Children struggling to sleep. Children withdrawing. Children constantly comparing themselves to images on social media. Children who feel they are never enough.
“In recent years there’s been greater sensitivity because of the role social media plays,” explains Athena Dourou, a school psychologist and systemic psychotherapist.
“What children seek — and what ultimately torments them — is recognition from their peers. They want to resemble others, fit in, become one with the group. But this also stems from the growing emotional distance between parents and children, because that is where insecurities begin.”
‘My child doesn’t smile anymore’
Meanwhile, Athens high school principal Dr. Michalis Patsis describes scenes that concern him more and more.
“I see children in constant tension. Students shouting, throwing books in class, unable to calm down. I often wonder: is it simply bad behavior, or is there something deeper underneath?”
He speaks of teenagers trapped in endless anxiety. Of mothers approaching him saying, “My child doesn’t smile anymore.” Of children waking in the middle of the night and pacing restlessly through the house.
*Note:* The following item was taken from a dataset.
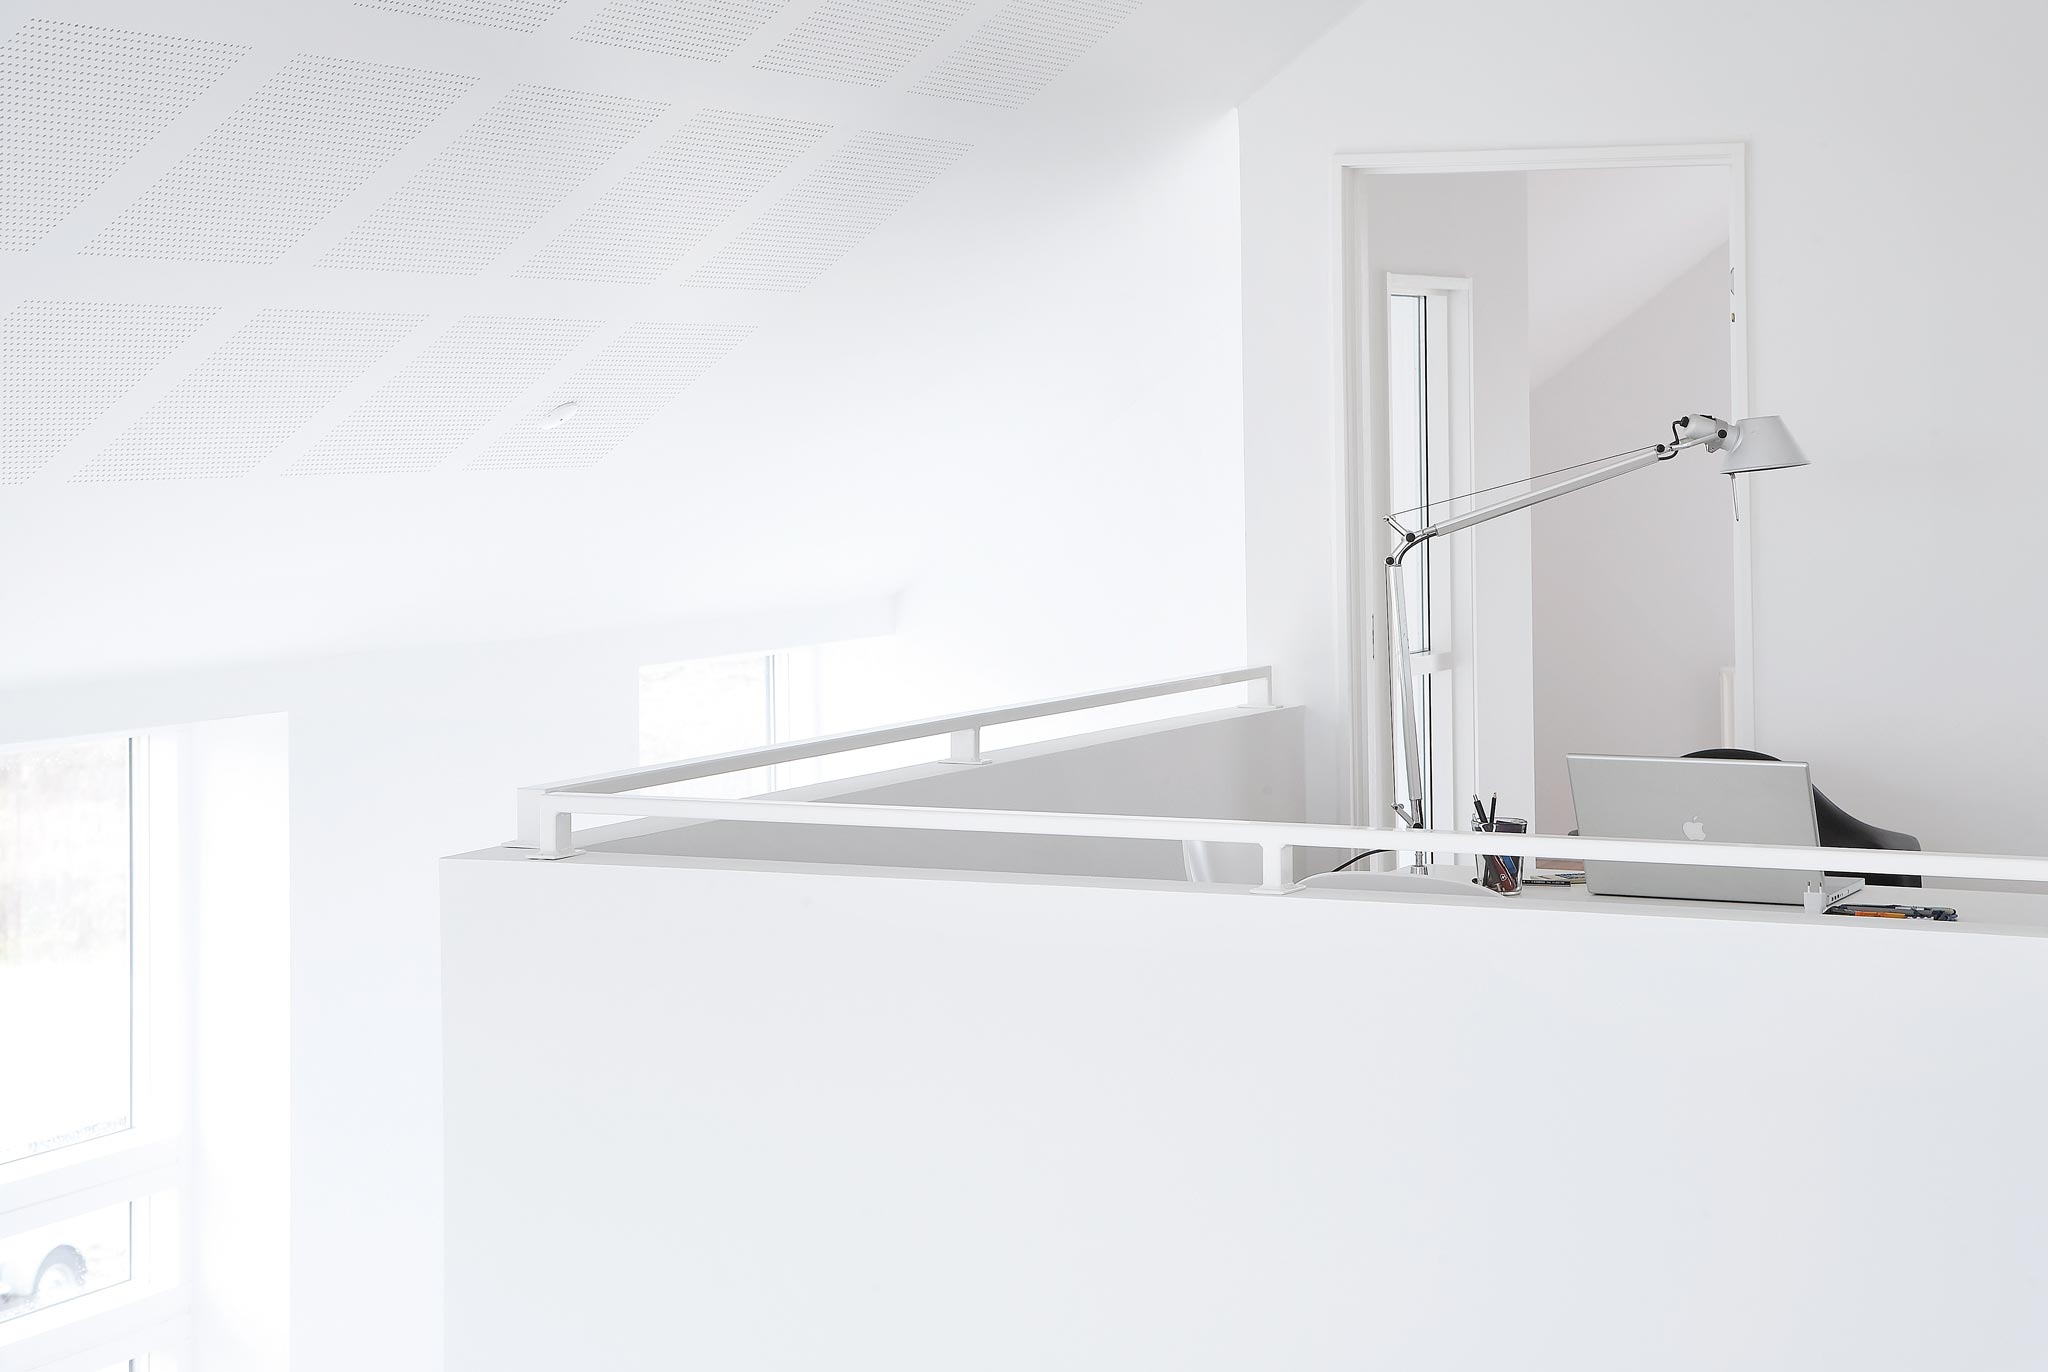 oneroom_arkitekttegnet_in_03.jpeg

“Teachers today do far more than teach,” he says. “Without being specialists, they often become the classroom psychologist.”
And yet the actual mental health professionals are absent from schools most days of the week.
In most schools, psychologists divide their time between multiple campuses, appearing at each school only once or twice weekly. If a public holiday, school trip or illness intervenes, their presence simply disappears.
Stelios Stylianidis, emeritus professor of Social Psychiatry at Panteion University, psychiatrist-psychoanalyst and honorary president of the Society for Regional Development and Mental Health (EPAPSY), has launched a series of research and intervention programs in Greece’s public schools.
Among them is the psychosocial intervention initiative “It’s up to youth,” funded by the Ministry of Health.
He describes the state’s interventions as “largely superficial.”
“What is needed,” he explains, “is a radical restructuring of the educational system toward strengthening students’ emotional and social skills, critical thinking, cooperation, empathy and responsibility.”
“What could be implemented immediately is the creation of interdisciplinary teams operating permanently on a pilot basis, with accountability and evaluation, which would later become organically integrated into school operations.”
And as school psychologists continue moving from campus to campus, rushing between classrooms, offices and “emergency incidents,” students will continue growing up with a strange kind of emptiness — one that makes no noise, yet exists in all those small moments no one ever has the time to truly hear.
Within that reality, the words of 17-year-old Nikolas no longer sound exaggerated, but simply like an honest description of the world he lives in:
“It’s like there’s no psychologist at my school.”